"Quite right. She was there. I was on my way to my room. If your house had electricity, Bobby, this incident would have been avoided. I saw something dark in the corridor."
"You may not know," Graham said, "that ever since we found Howells, one of us has tried, more or less, to keep the entrance of that room under observation."
"Yet you were all downstairs a little while ago," Paredes yawned. "It's too bad. I might have taken my turn then. At any rate, since I was excluded from your confidence, I overcame my natural fear, and, for Bobby's sake, slipped in, and, I am afraid, startled Miss Katherine."
"Yes," she said.
His explanation was reasonable. There was nothing more to be said, but Bobby's doubt of his friend, sown by Graham and stimulated by the incidents of the last hour, was materially strengthened. He felt a sharp fear of Paredes. Such reserve, such concealment of emotion, was scarcely human.

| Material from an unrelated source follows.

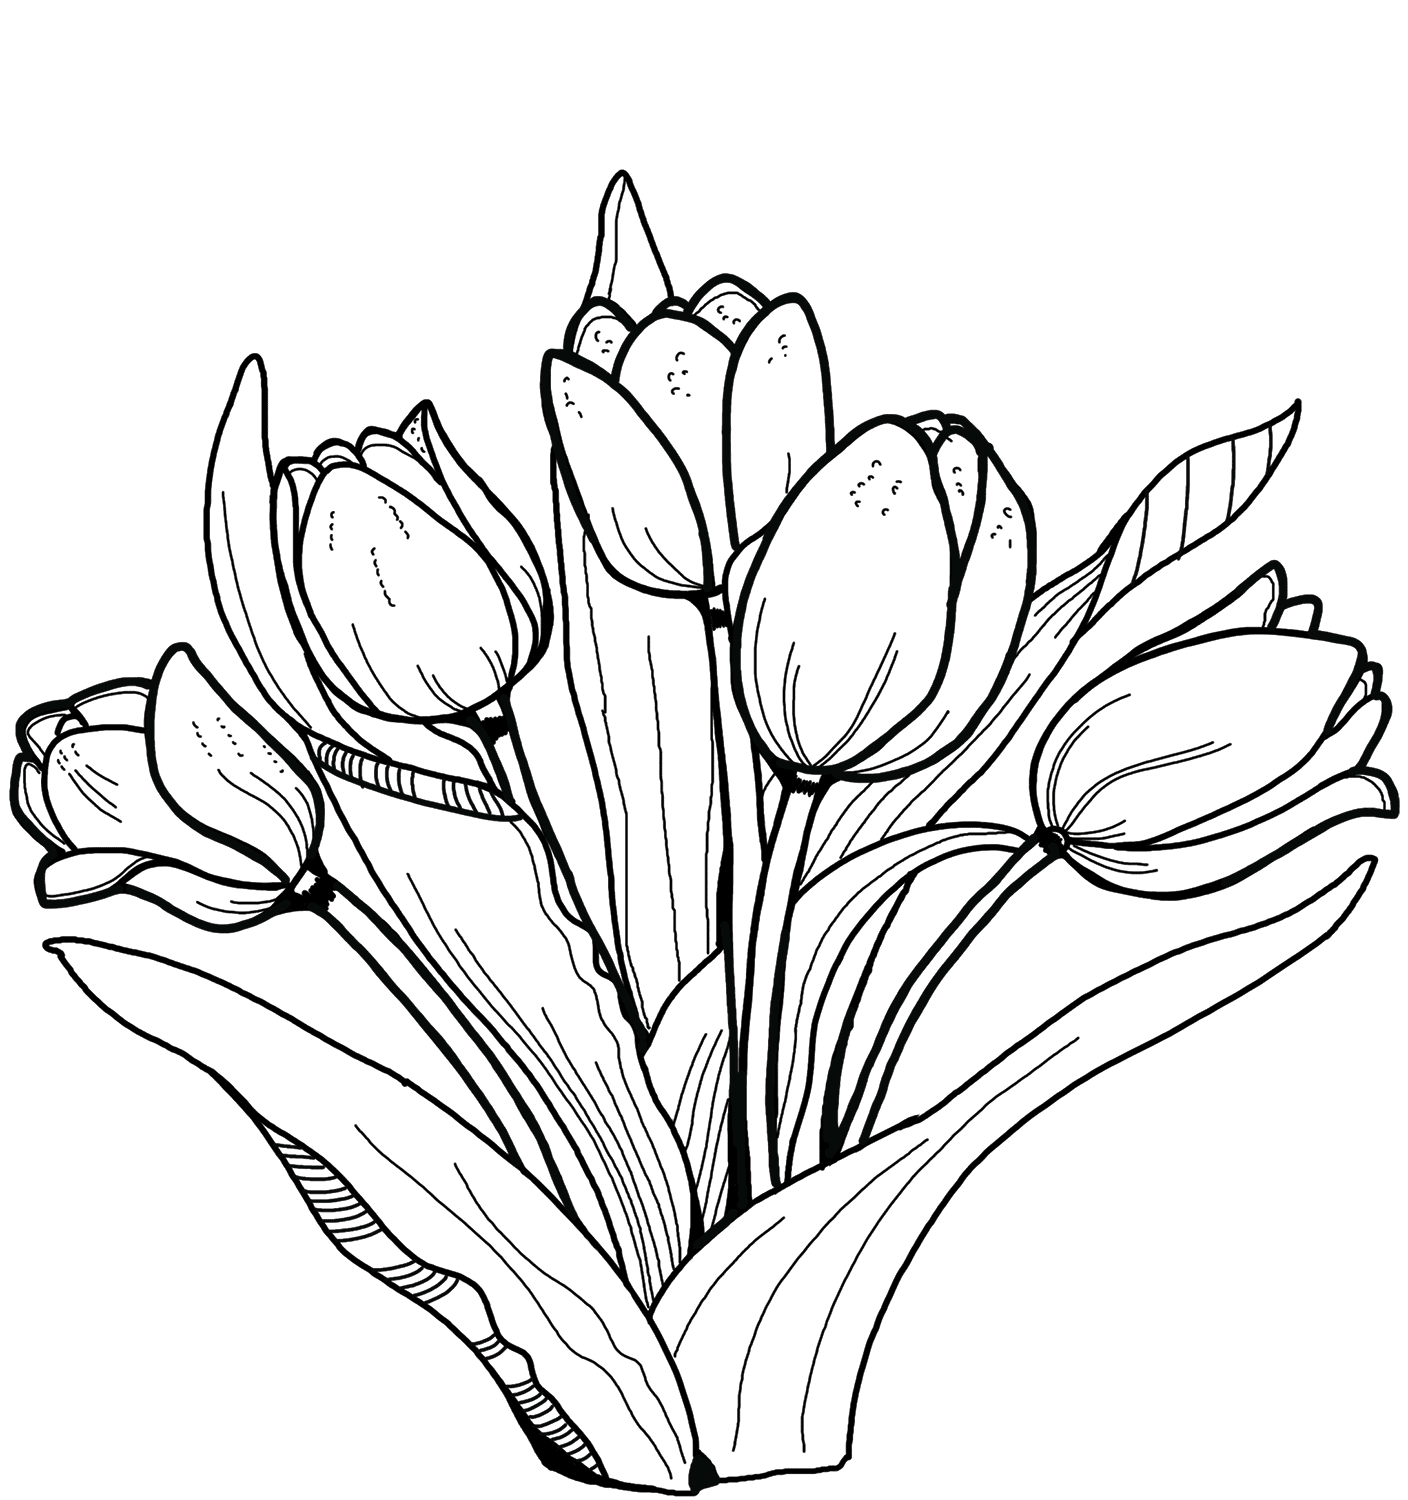 Coloring page Tulips Lots of tulips

"If," Graham was saying, "you really want to help Bobby, there is something you can do. Will you come downstairs with me for a moment? I'd like to suggest one or two things before the police arrive."
Without hesitation Paredes followed Graham down the stairs.
Katherine turned immediately to Bobby, her eyes eager, full of the tense determination that had dictated her plan in the library.
"Now, Bobby!" she whispered. "And there's no time to waste. They may be here any minute. I won't see you go, but I'll be back at once to guard you against Paredes if he slips up again."
She walked across the hall and disappeared in the newer corridor. Without witness he faced the old corridor, and with the attempt directly ahead his repugnance achieved a new power. The black entrance with its scarcely dared memories reminded him that what he was about to do was directed against more than human law, was an outrage against the dead man. He had to remind himself of the steely purpose with which Howells had marked him as the murderer; and the man's power persisted after death. In such a contest he was justified.